DATA SHOWN:
■ ■ ■ ■ ■

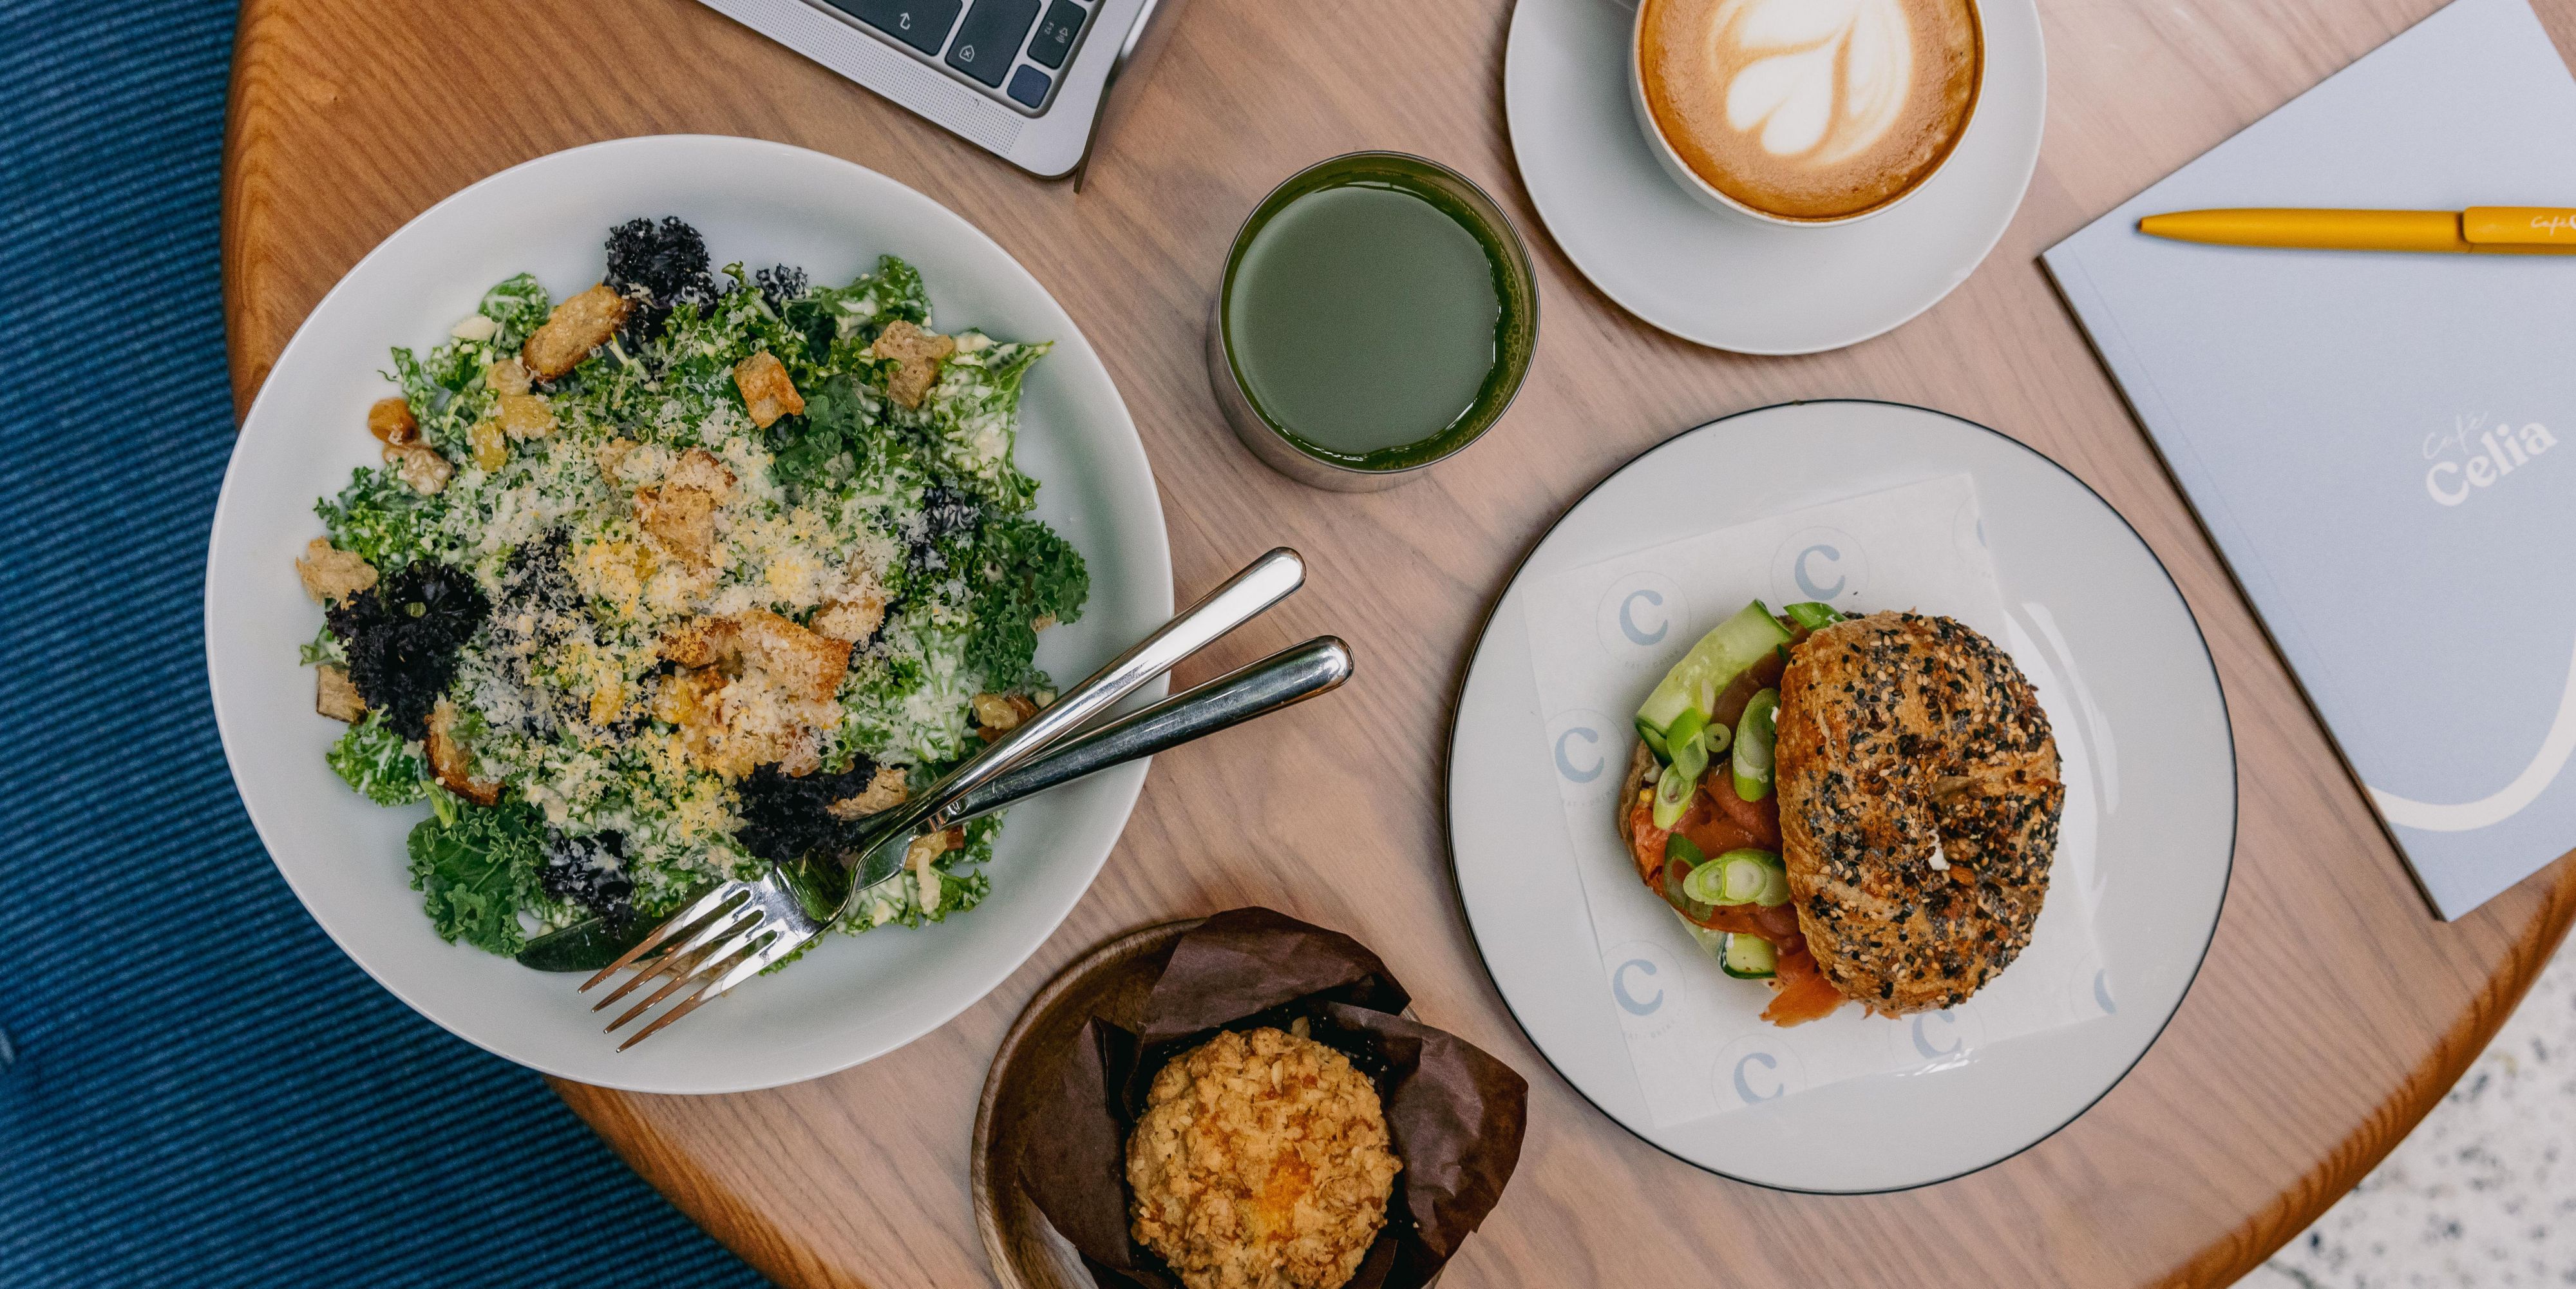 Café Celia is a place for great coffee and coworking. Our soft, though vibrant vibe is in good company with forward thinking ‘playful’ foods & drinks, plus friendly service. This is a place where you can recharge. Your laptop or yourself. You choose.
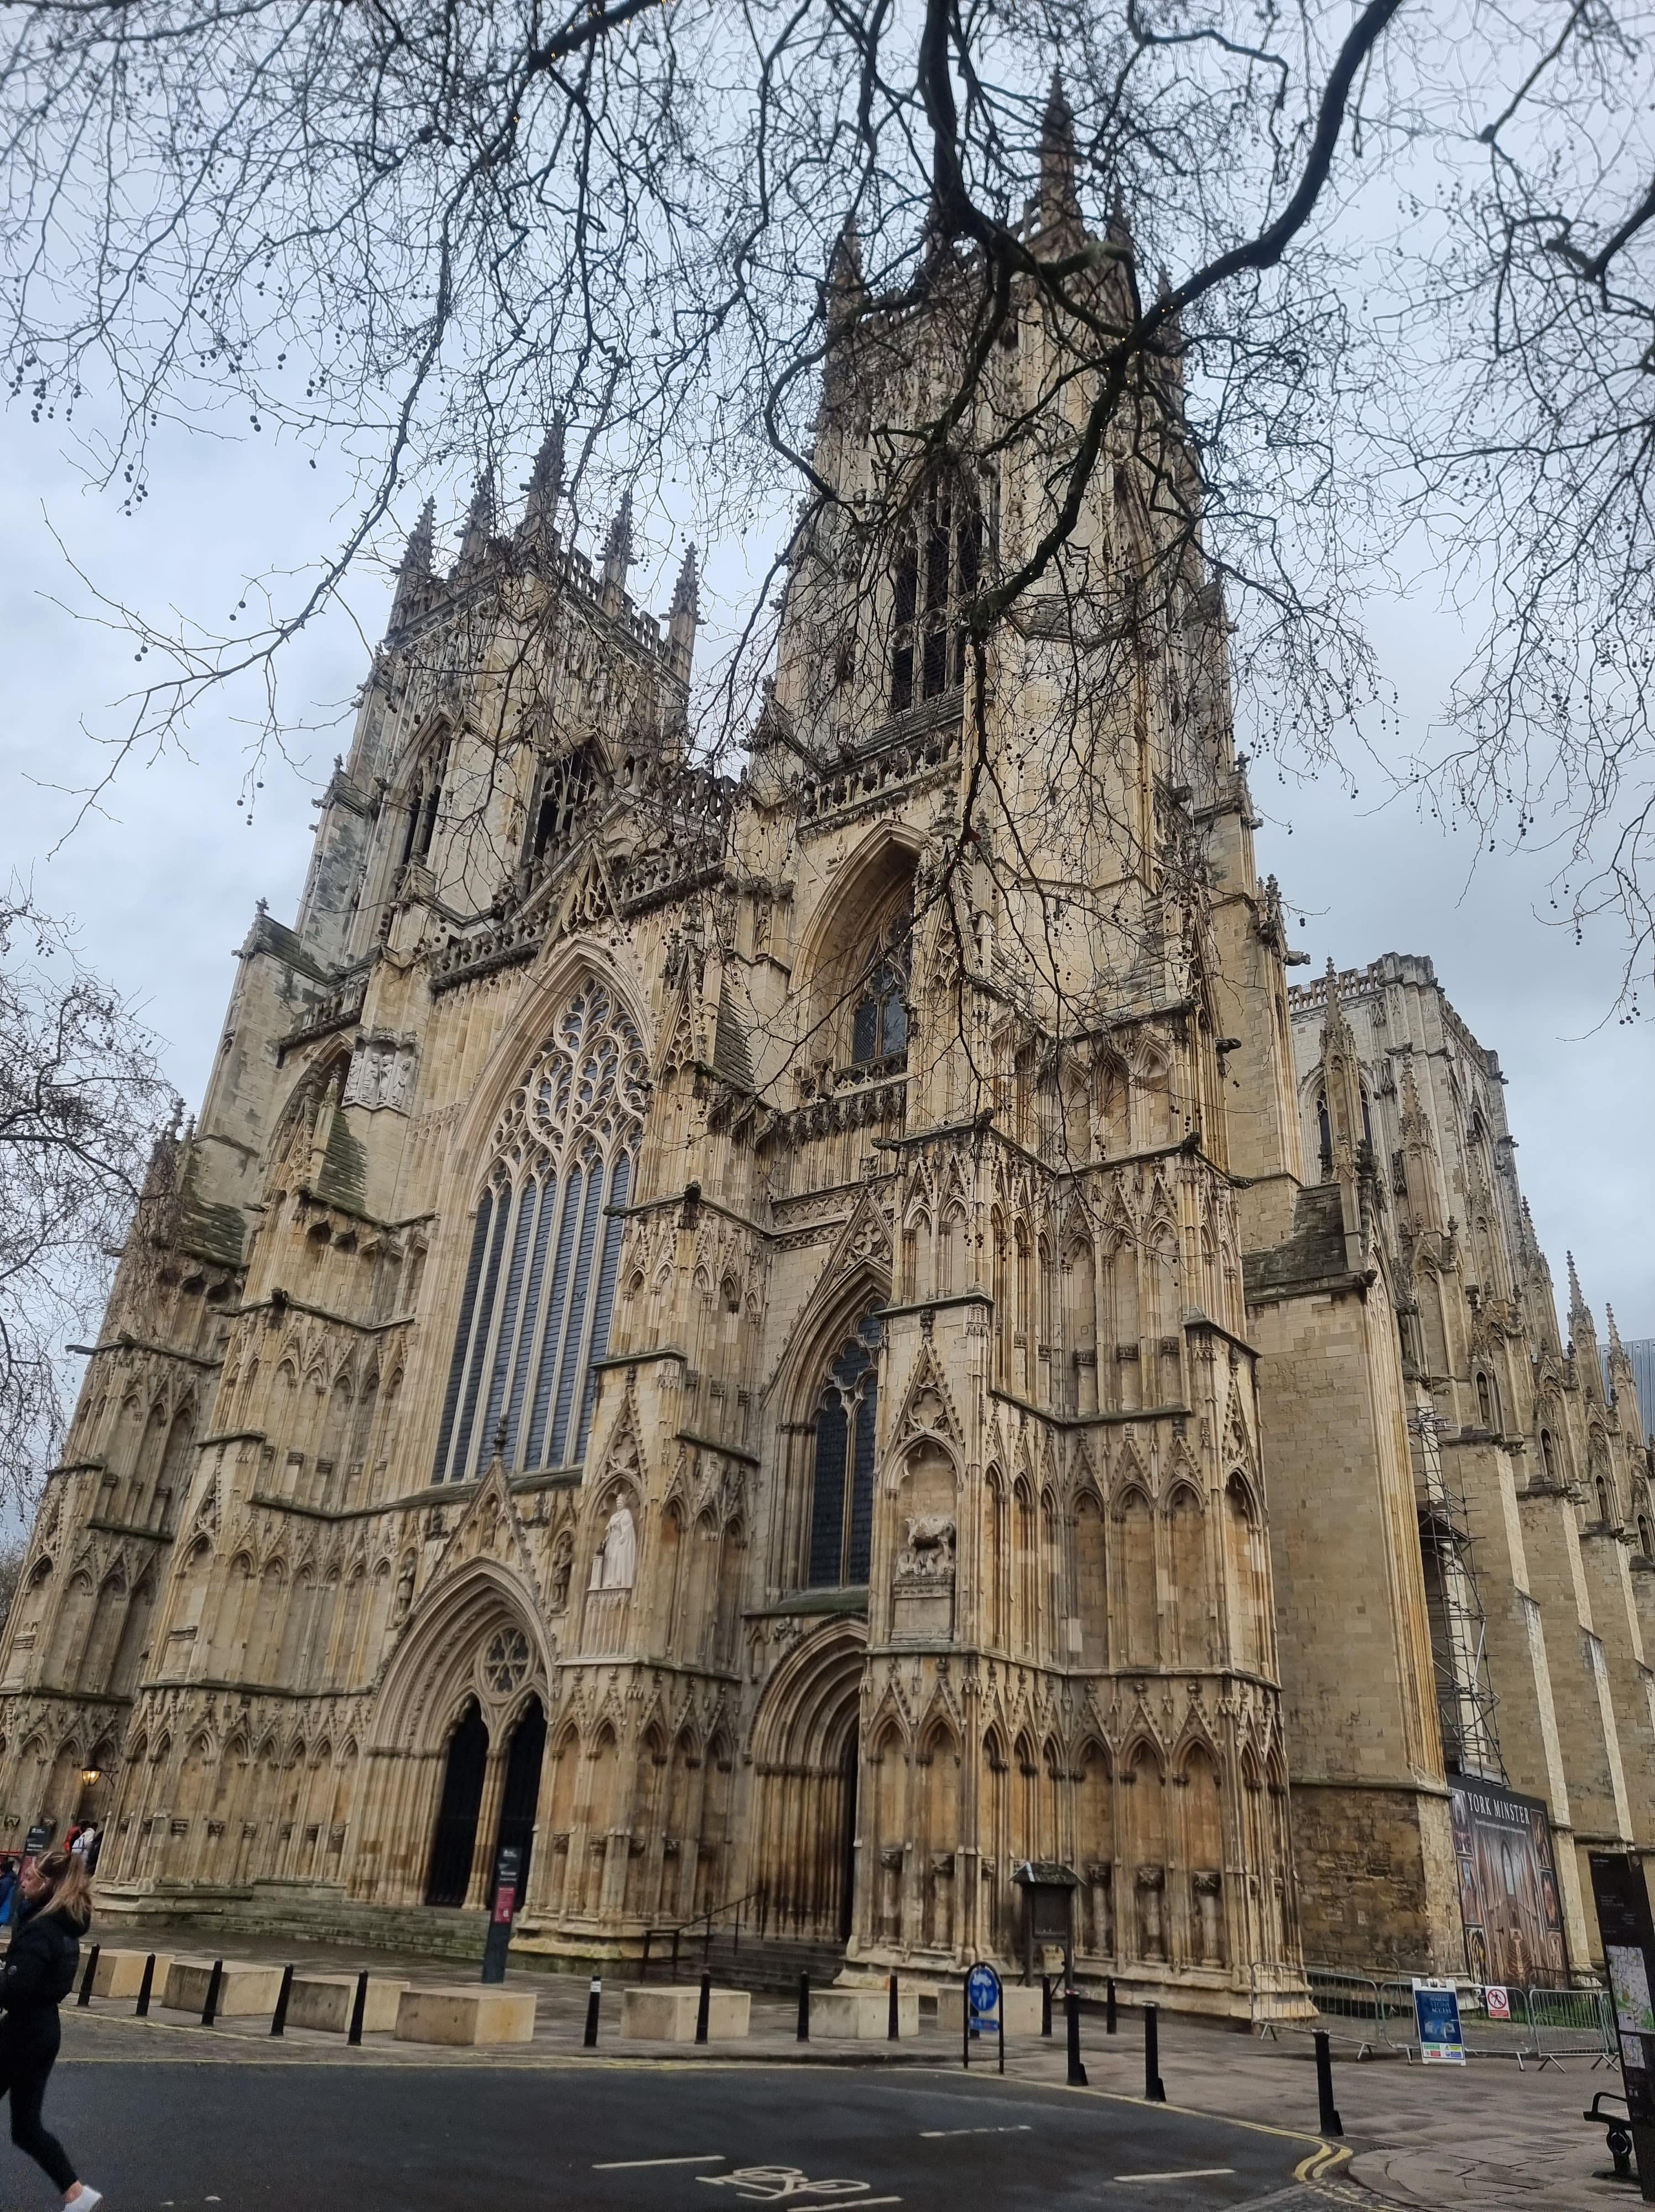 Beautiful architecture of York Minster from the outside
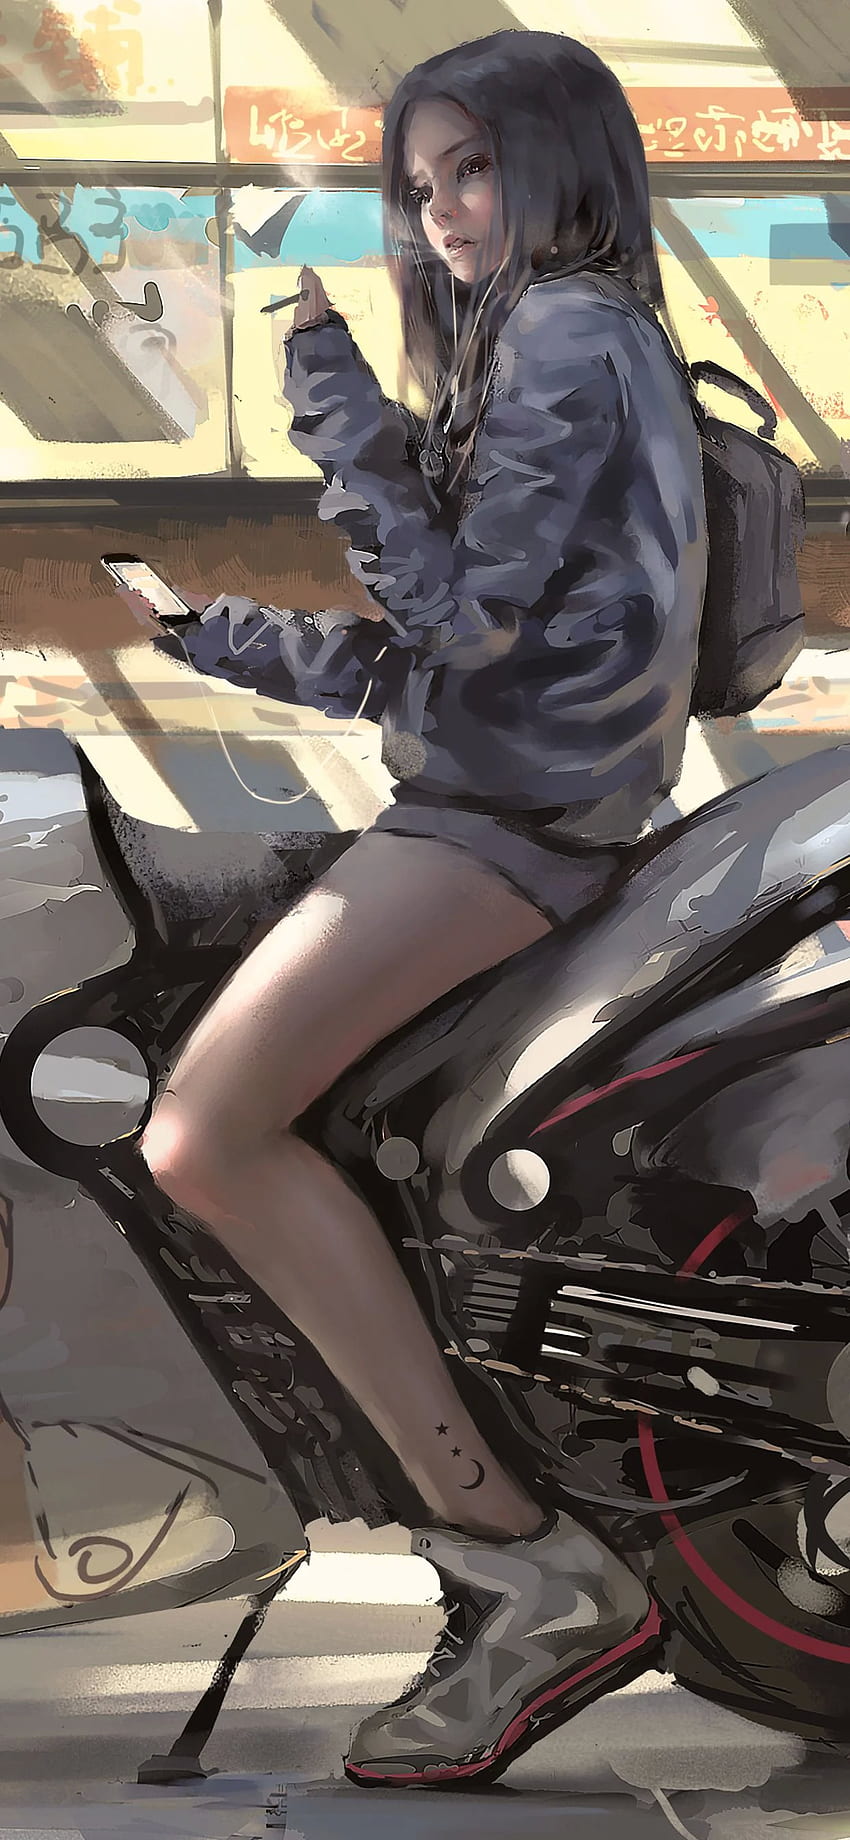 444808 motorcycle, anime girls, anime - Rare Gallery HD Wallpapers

■ ■ ■ ■ ■

TASK PROMPT:
The material must be returned exactly, with its pictures omitted.

OUTPUT FOR THIS EXERCISE:
 Café Celia is a place for great coffee and coworking. Our soft, though vibrant vibe is in good company with forward thinking ‘playful’ foods & drinks, plus friendly service. This is a place where you can recharge. Your laptop or yourself. You choose.
 Beautiful architecture of York Minster from the outside
 444808 motorcycle, anime girls, anime - Rare Gallery HD Wallpapers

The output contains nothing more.